Human Responses to Technology Scrutinized
Similar techniques are being used to enhance teaching software -- by detecting when a student's interest is flagging.
The second, cruder approach involves encouraging people to believe that machines respond in social ways. The automated reservation systems used by Amtrak and many airlines fall into this category. When done right, said Clifford Nass, a professor of communication at Stanford University and a pioneer in understanding the ways people relate to machines, users go along with the deception. Done wrong -- when "Julie" cannot respond to a simple question, for instance -- people get even more frustrated than they would be with a machine that makes no pretense at being human.
"It turns out if 'Julie' speaks in that machine-like speech, people hate it when it says, 'I,' " Nass said. "They think it's clear you are not an 'I.' When it is recorded speech, people are more comfortable with the 'I' -- up to the point it fails them."
The second approach also plays on people's vanity. People usually prefer a spellchecker program that occasionally compliments them on getting a tough word right, Nass said.
Matching a person's personality with advertising messages might radically increase sales, Nass said. For instance, Amazon.com might sell more books if it found out whether a customer is an introvert or an extrovert by asking whether he prefers going to a party or reading a good book -- and then tailoring descriptions of products accordingly. Introverts tend to like factual messages; they distrust flowery language. Extroverts are the opposite, Nass said.
The researcher said that software can help students learn better when a virtual "teacher" is accompanied by a virtual "student." That way, Nass said, the "teacher" can occasionally direct questions to the virtual student, and the real student does not feel picked on all the time. And the virtual student creates an illusion of a classroom setting, in which the real student can receive praise from both the "teacher" and a virtual peer.

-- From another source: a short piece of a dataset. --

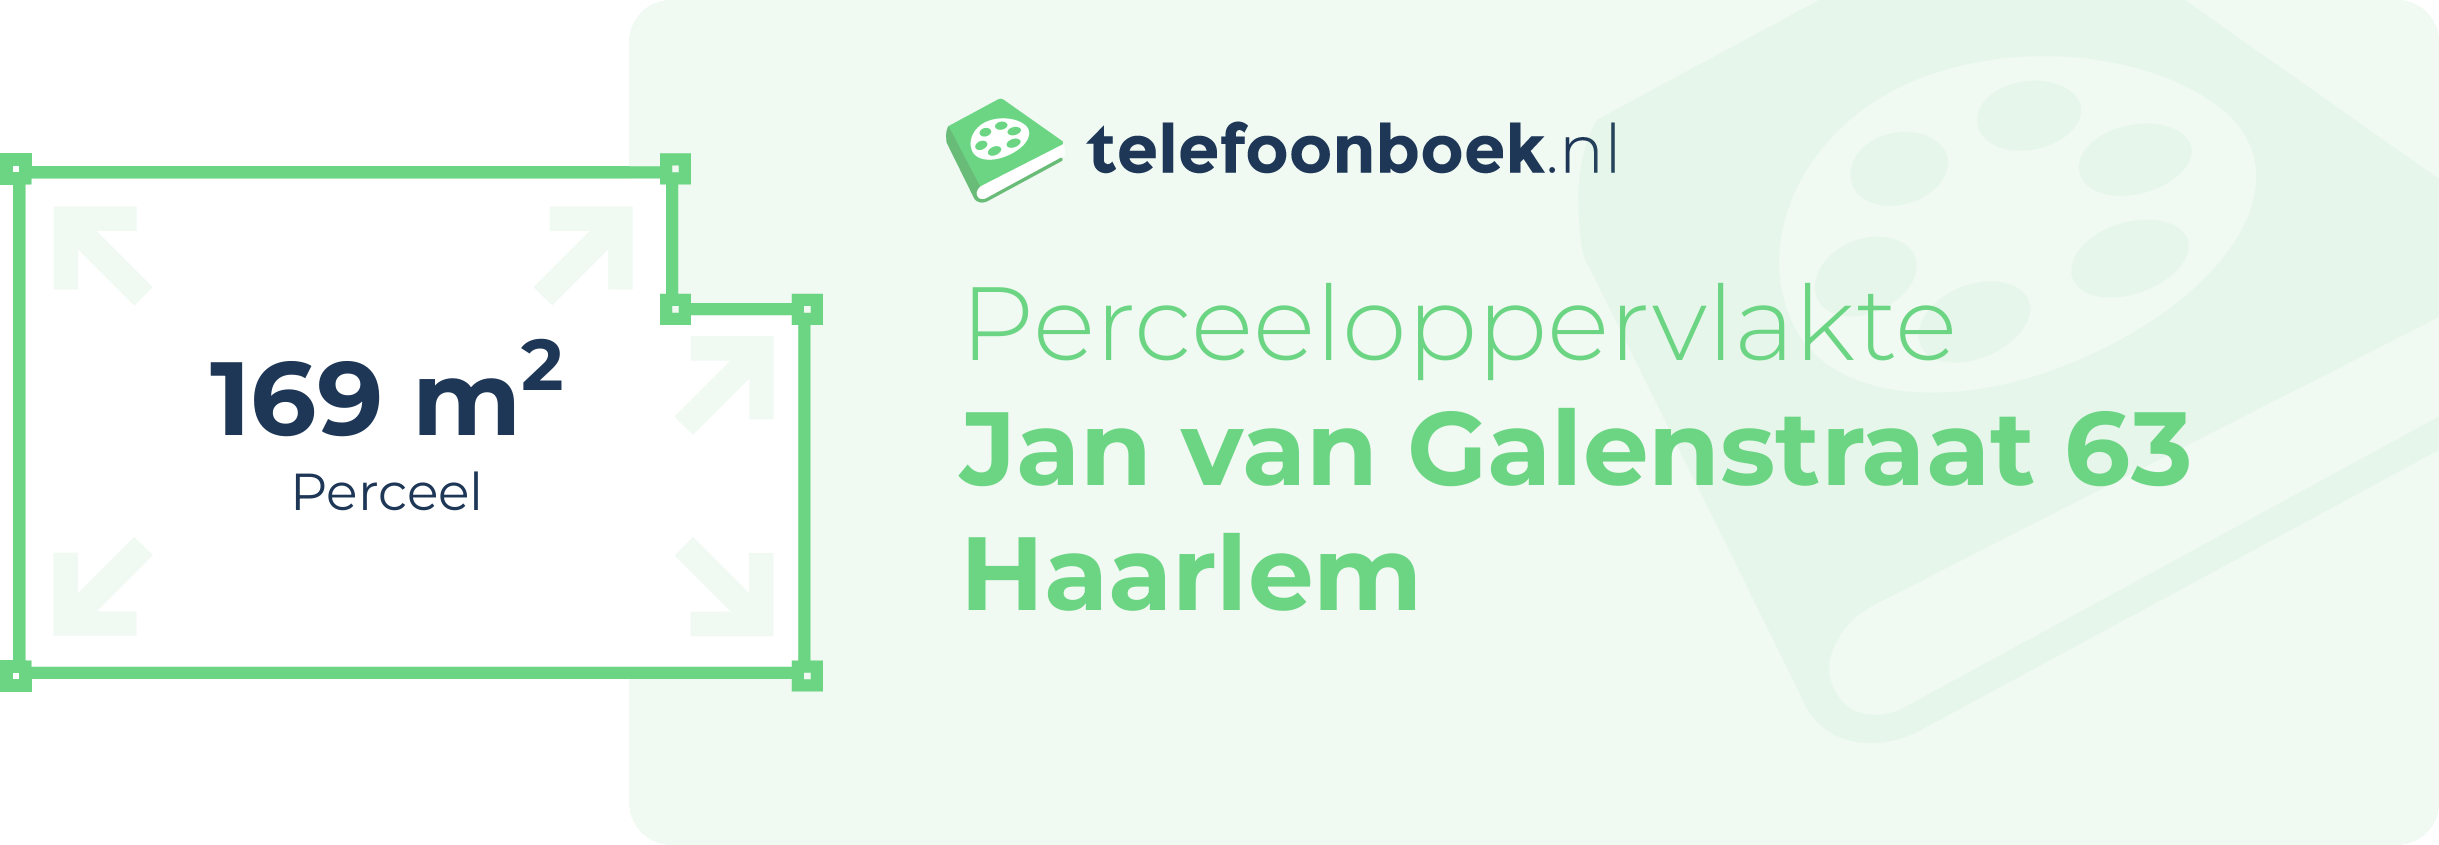 Perceeloppervlakte Jan Van Galenstraat 63 Haarlem
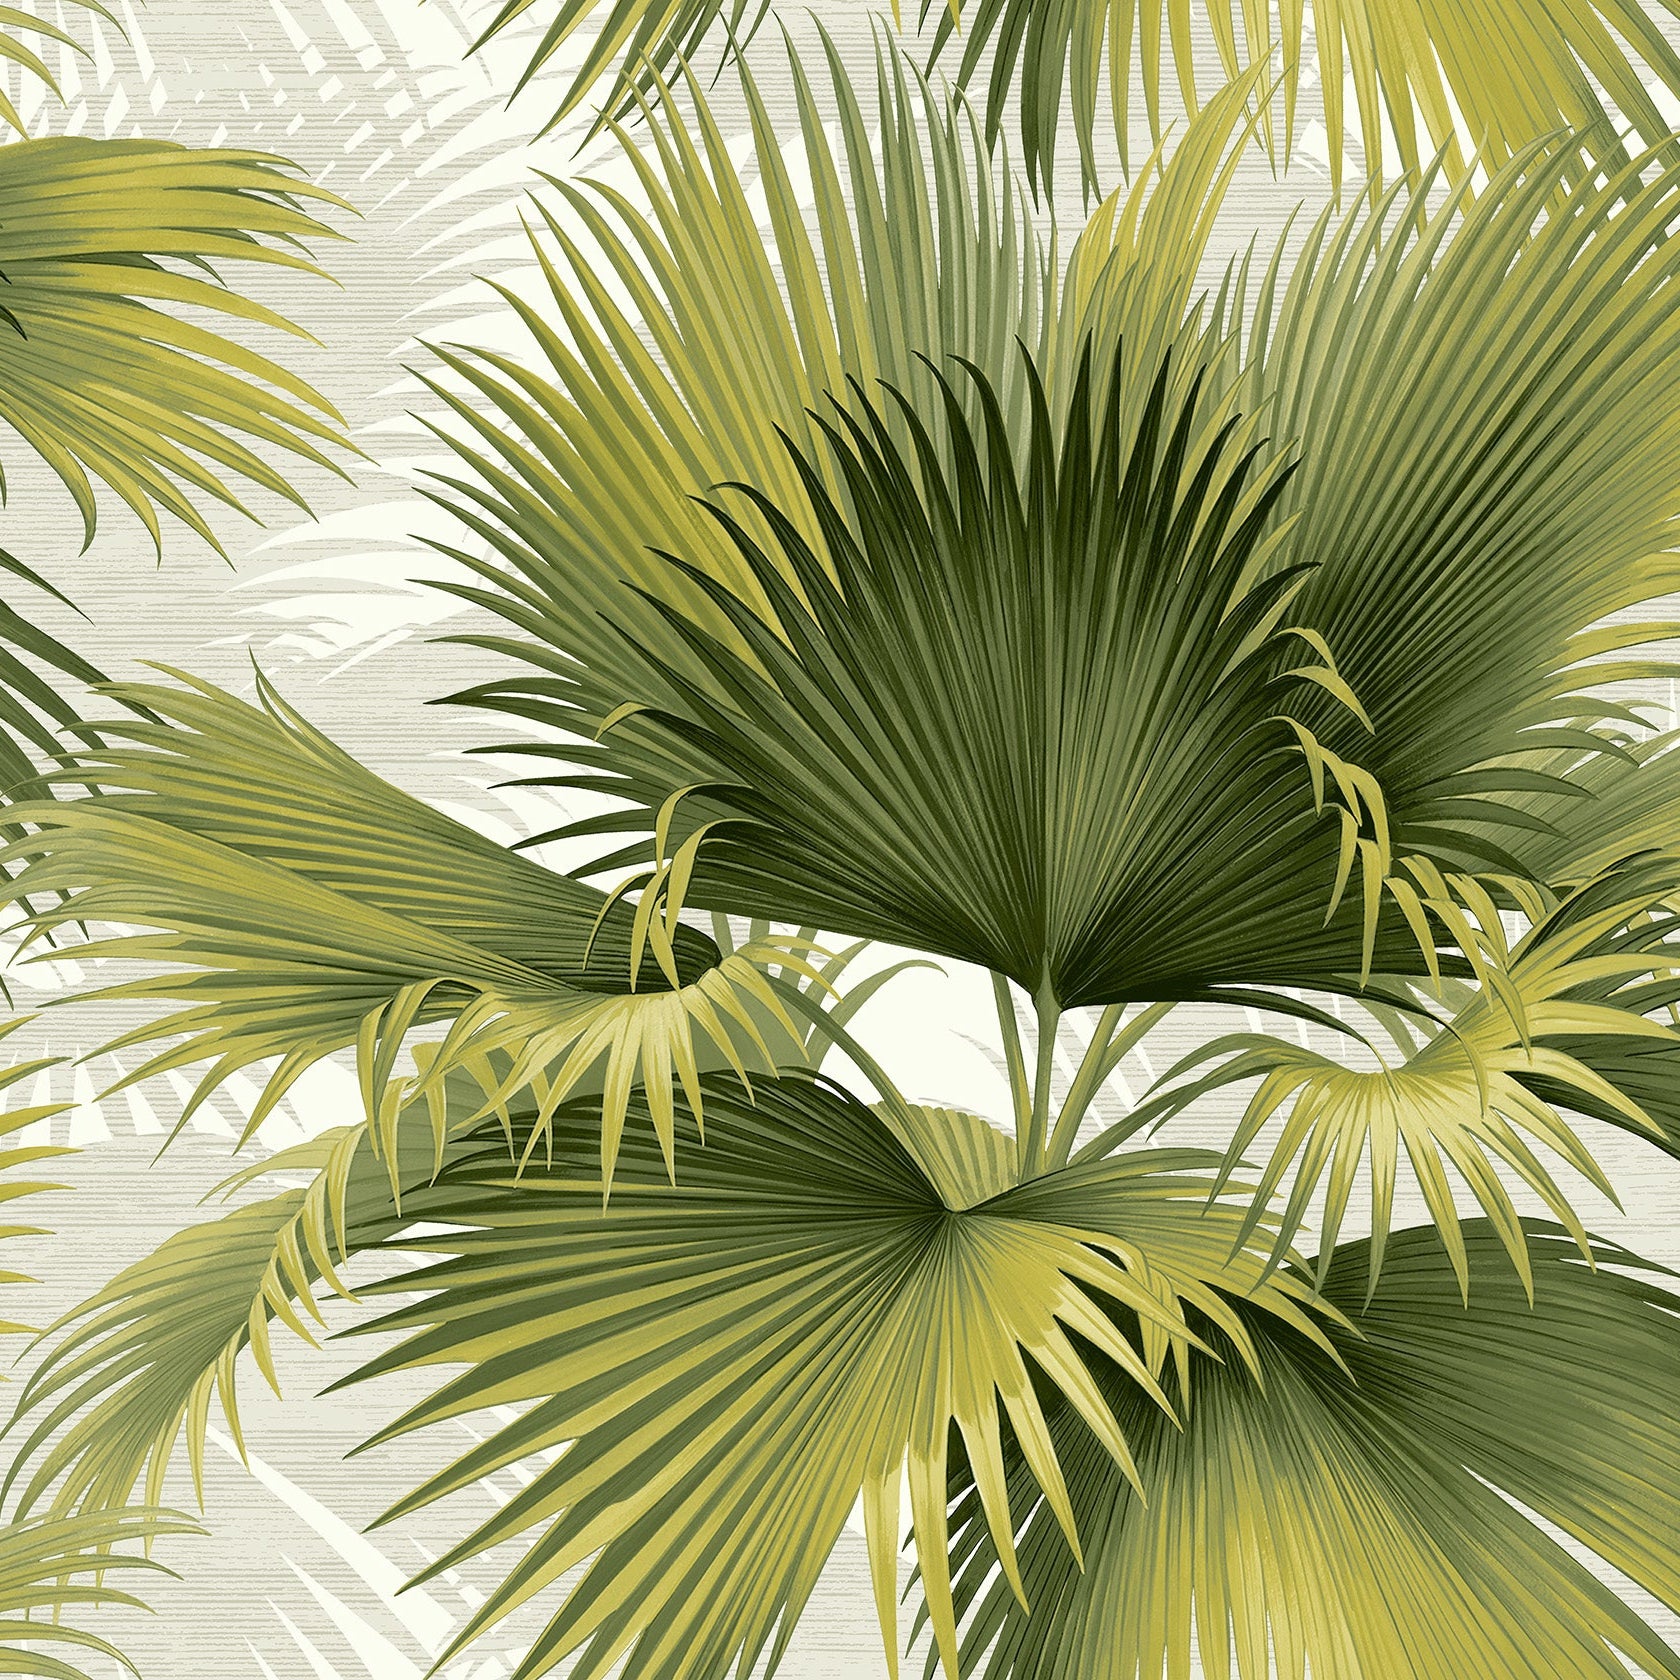 Order 2927-40114 Newport Summer Palm Green Tropical Green A-Street Prints Wallpaper

Such techniques, Nass said, are really no different than the routine deceptions in human interactions. "We spend enormous amounts of time teaching children to deceive -- it's called being polite or social. The history of all advertising is about deceiving. In education, it's often important to deceive people -- sometimes you say, 'Boy you are really doing good,' not because you meant it but because you thought it would be helpful," Nass said.
"When I go into Nordstroms, I am treated fabulously. Do those people really like me?"